Olmsted understood this subtlety and difference that nature offered him. Despite the hundreds of years that have passed through his parks, they are still part of our daily lives and even part of our destinations. Olmsted’s intentions went beyond preserving the natural environment and creating green space in a growing city.
My perception is that he wanted above all to create a quality living environment with respect to the nature in which the city is embedded. He wanted, like the first men, to live in nature and not to make the city live in nature. The most beautiful landscapes are often those that we have not created and designed. Olmsted understood this point and sought above all an architectural signature inspired by the most beautiful natural landscapes and the sensory experiences they offer.

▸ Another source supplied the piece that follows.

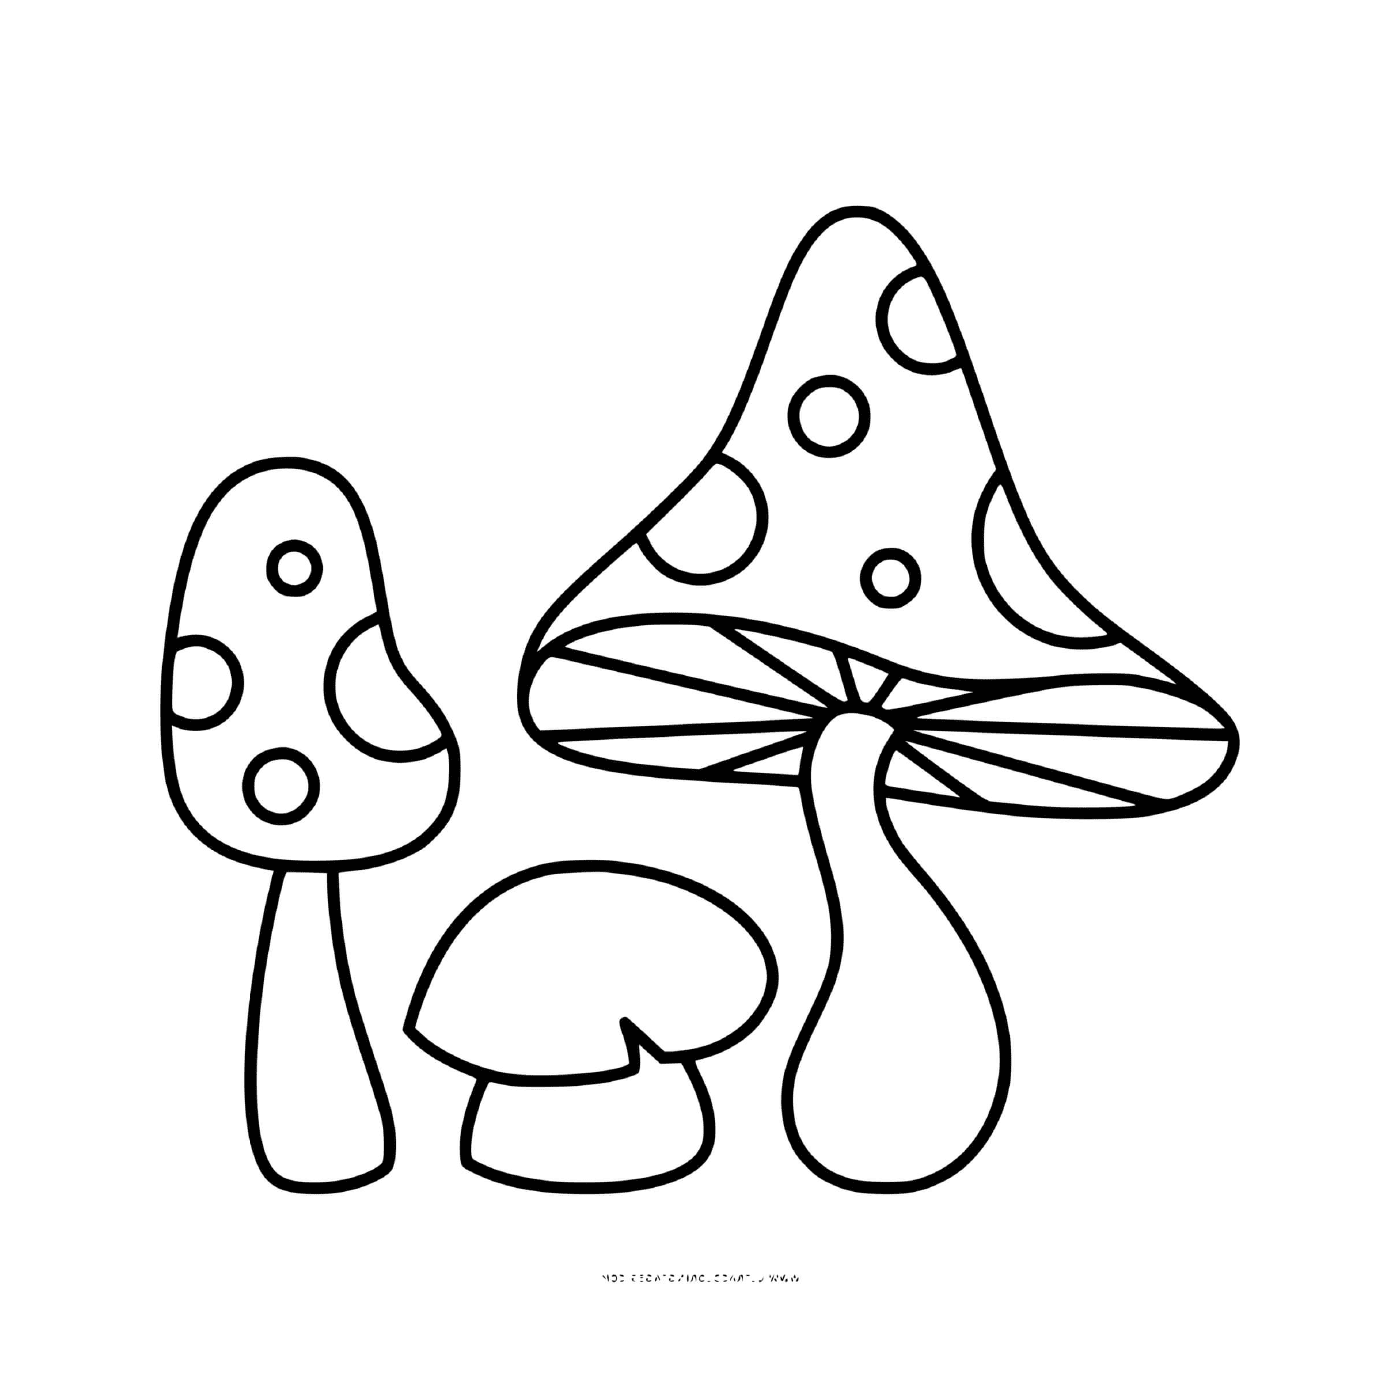 coloriage champignon amanite jonquille et phalloide

My thinking as a place maker is rooted in this approach where we seek above all humility through our spaces—creating places for the users above all. It’s better to have a lackluster space filled with people than a place with a sensational architectural signature empty of occupants.
Our profession requires us to listen to people, observe them, understand their way of life, and then build green spaces in dialogue with the user and nature. Many would say that Olmsted is one of the greatest visionaries in terms of urbanity. I would dare to say that he simply took the time to observe, respect, and understand the synergy and symbiosis between humans and nature.